INTERVIEW: Yellowcard celebrates 20 years of ‘Ocean Avenue’ and whatever’s next

Yellowcard

Yellowcard, courtesy Acacia Evans.

If absence makes the heart grow fonder, then Florida rockers Yellowcard and their fans must be bursting with love.

Yellowcard
Mayday Parade, Anberlin, This Wild Life, Emo Night Brooklyn

7 p.m., Wednesday, Aug. 2
Bill Graham Civic Auditorium
Tickets: $64.

Vocalist and guitarist Ryan Key is sitting in a Chicago airport waiting to hop on a flight to South Carolina, where the band will continue its tour the next night. He’s still trying to make sense of their resurgence.

“These shows we’re playing are quite literally the biggest shows we’ve ever played in our entire careers,” he says. “These venues are two, three, sometimes five times larger than the venues we would play even at the height of [2003 album] Ocean Avenue. … It’s so overwhelming, the size and scale of what we’re doing right now, that it’s honestly hard to verbalize.”



The newfound success does have its perks. Key says he has difficulty sleeping on the tour bus, so he now has a runner after each show who takes him to a hotel room.

“It’s a very different style of touring than we’ve ever been accustomed to,” he says.

In 2017, this reality didn’t seem possible. The band had announced a final tour and breakup. Key describes it as closing the book on the band and moving on separately.

“For several years we had watched our ticket sales steadily decline; we felt like the interest in the band was waning, and we didn’t want to drag it out to the point of a slow, sad death,” Key says. “We wanted to go out with a bang and do it our way.”

The spark for a reunion was a one-off gig at Chicago’s Riot Fest last year. Key says Live Nation asked the band about touring again and offered up a mix of amphitheaters and larger music halls.

“Where did it come from? How did this begin again? I don’t really know the point of origin,” Key says.

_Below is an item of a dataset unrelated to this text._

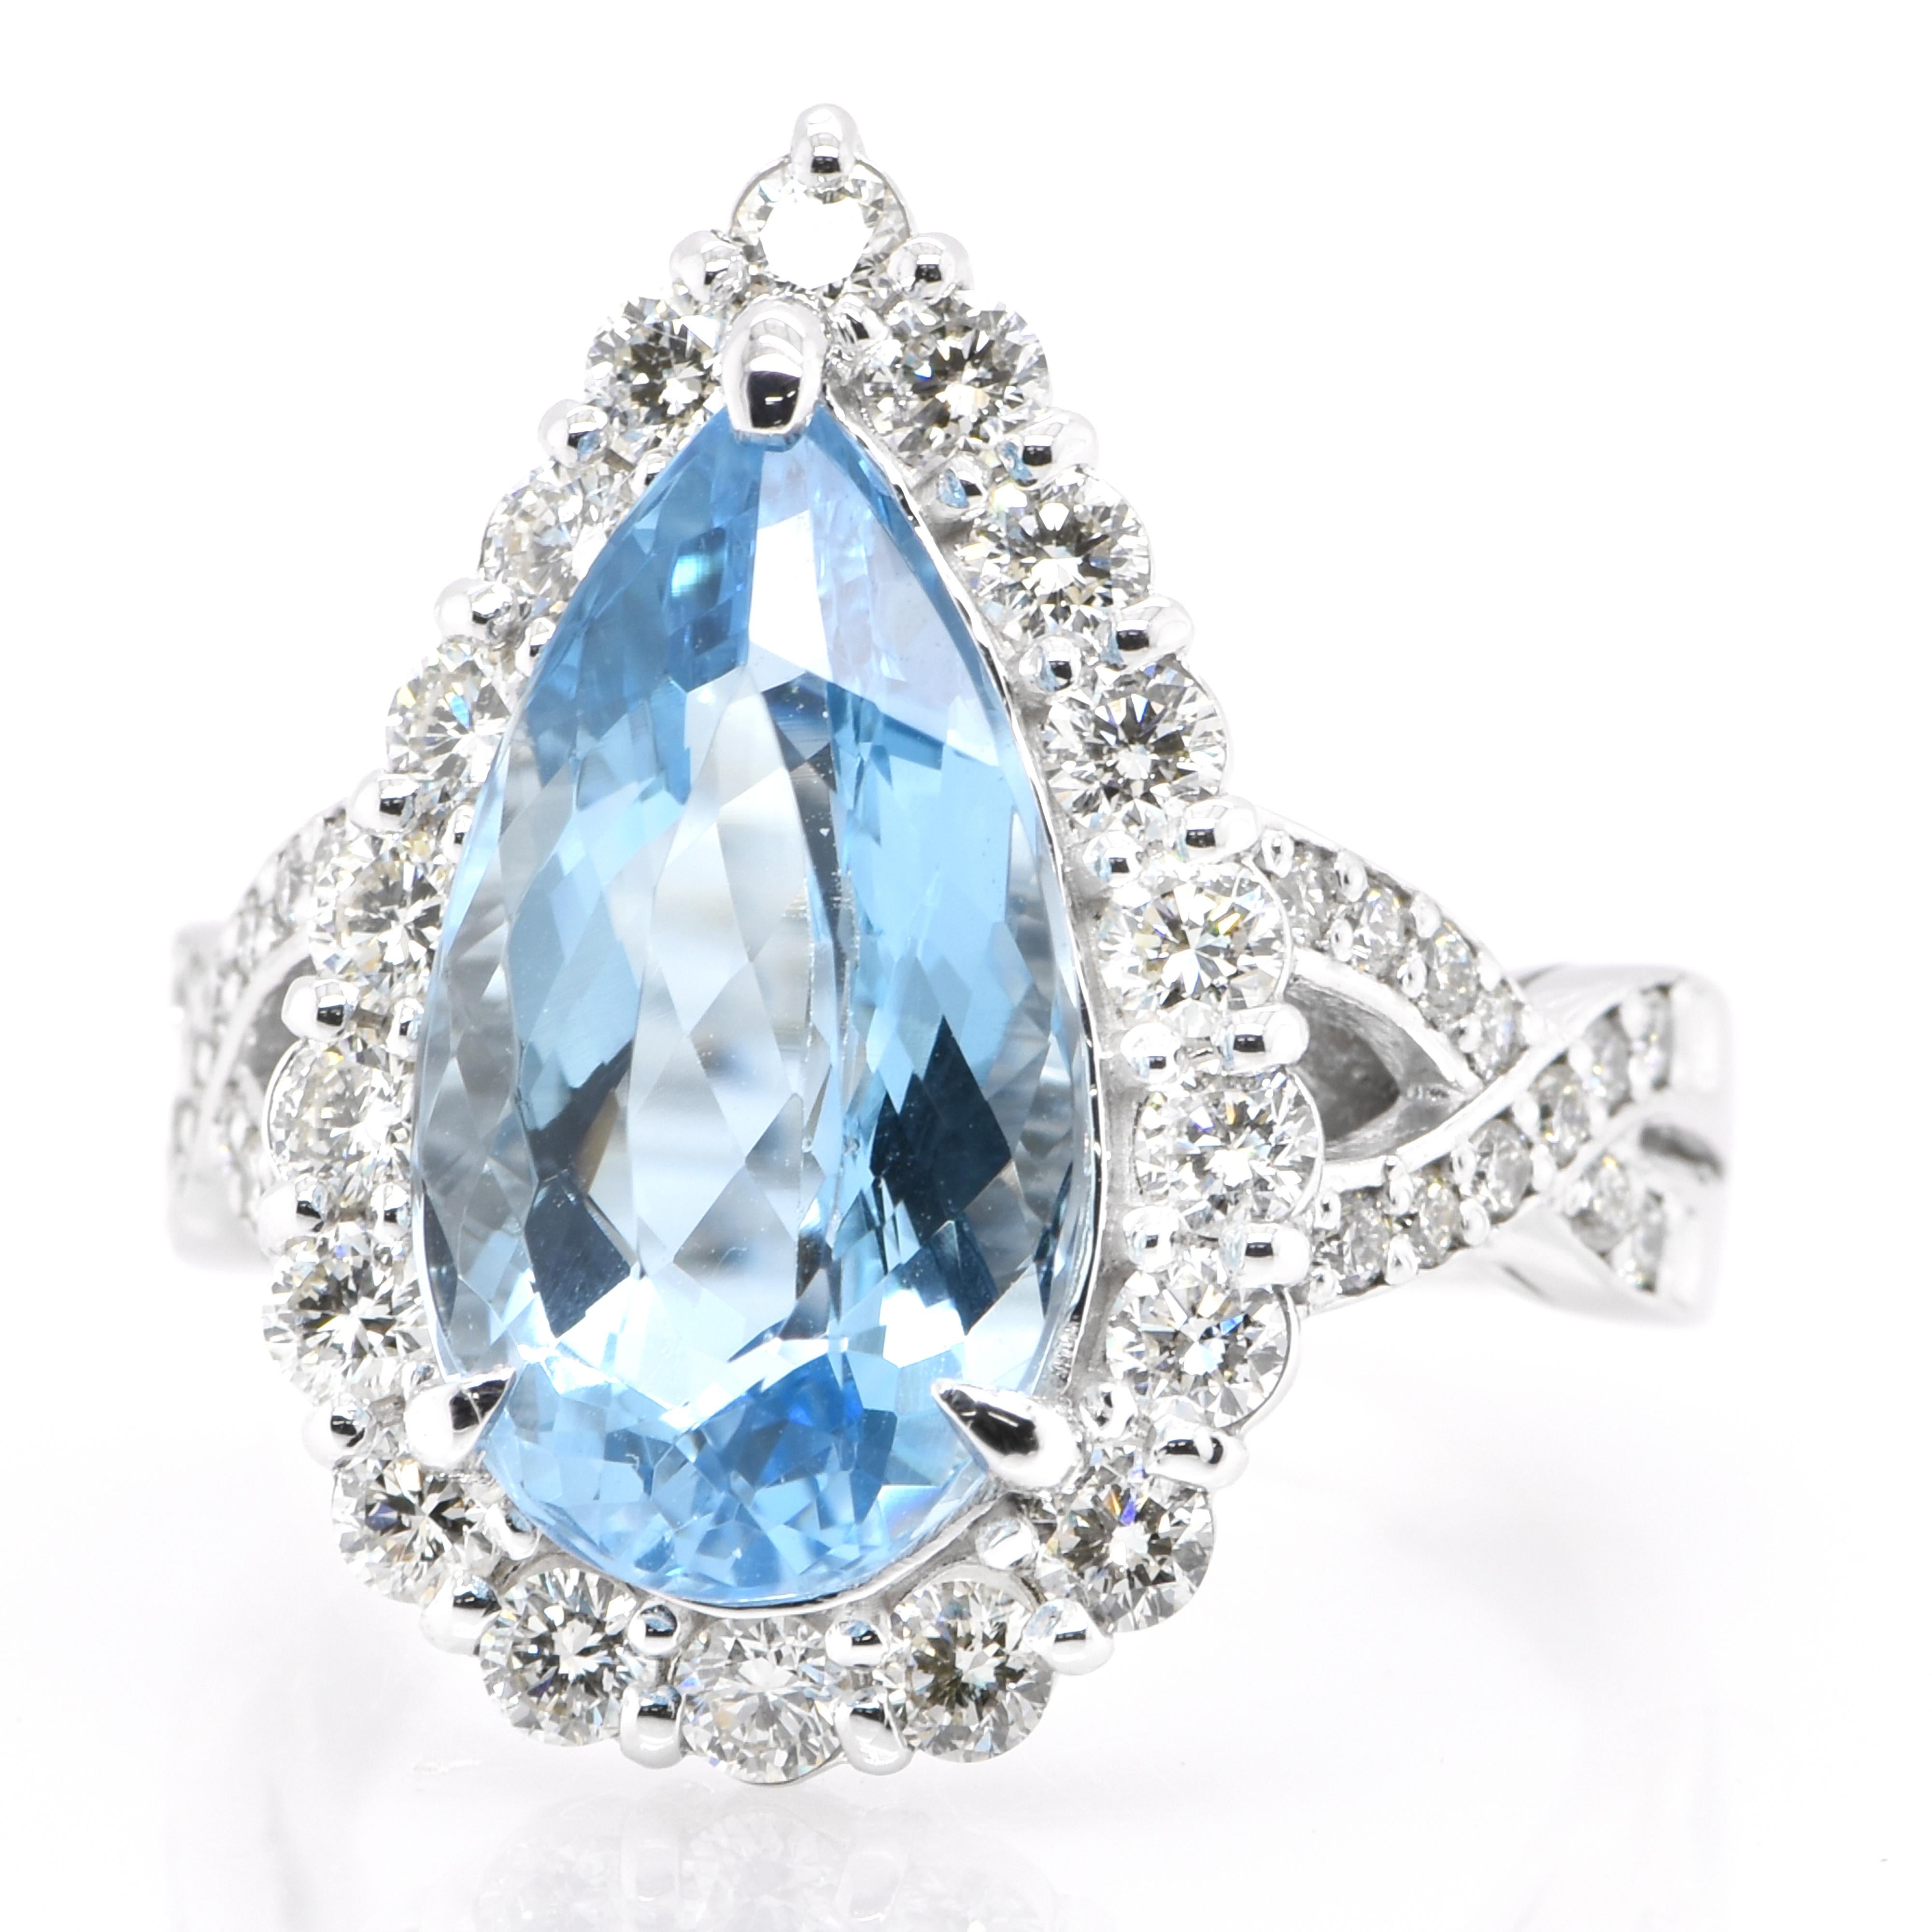 A beautiful Cocktail Ring featuring a 4.96 Carat, Natural, Aquamarine and 1.19 Carats of Diamond Accents set in Platinum. Aquamarines have been prized gems throughout human history for their cool blue color. They historically come from the Minas

Given the resurgence of early 2000s music and the pop-punk and emo genres, Key acknowledges it’s easy to look from the outside with cynicism, but that Yellowcard’s decision to return was both organic and authentic—not a cash grab.

Yellowcard didn’t only reunite to tour, but recorded five songs for its Childhood Eyes EP. Now living in different cities, the members went to Austin for a writing session, where violinist Sean Mackin was living.

“He was working a non-musical job and was doing really well in a post-Yellowcard career,” Key says. “Sean would come home from work every night, and we’d just bust the guitars out and hang.”

The informal pace of writing and pre-production at an Airbnb lent itself to the style of the music Yellowcard envisioned. That meant getting back to the sound its fans loved, after a couple of albums Key says were more experimental and meant to push their abilities as songwriters. Back then they’d gotten burned out on pop-punk

“You don’t want to be 43-year-olds trying to sound like 23-year-olds,” Key says. “But when you’re all in a rental house sipping whiskeys together, playing guitar, it has the feeling of being 23 years old—like the whole world is ours to conquer.”



The band members were all 20-somethings in 2003 when they released the smash “Ocean Avenue.” The album of the same name would go on to live in pop-punk lore as one of the era’s defining albums. Moving from small-time to primetime was a big shift for Key, who adds that he wasn’t prepared for what was to come. Within two years, Yellowcard went from playing bars to the MTV Video Music Awards in Miami.

With that rise came the pitfalls of stardom. The band fell into the rock and roll lifestyle that has doom many others, Key says.

“I wasn’t taking very good care of myself. I was out all the time, maybe thinking I was a little more special than I should have thought I was,” Key says. “The ego gets a hold of you, and I was also struggling with a lot of insecurity about my role and my responsibility and my ability as a singer.”

The success starting to unravel. Two years later Key had to take a forced break to get vocal cord surgery, a product of pushing himself too hard. In the long run, however, he says slowing down made him a better performer and a better person.

The current tour is meant to celebrate Ocean Avenue and other songs that meant so much to fans at the time. How’d he pick the set list?

“In the age of algorithms and metrics, you have an interesting window into which songs resonate the most with people,” he says. “You can literally go look at our top streamed songs on every platform.”



There’s not a lot of deeper cuts in the mix, but Key says there’s time for that down the road. Yellowcard is back and already trying to make time to record again.

At each show, Key asks for a show of hands of who’s seeing Yellowcard for the first time. He says he’s floored how many people raise their hands. As for the others, he’s amazed how the songs still resonate 20 years later.

“It’s all about, whether we knew it or not, how special the thing that we created ended up being,” he says.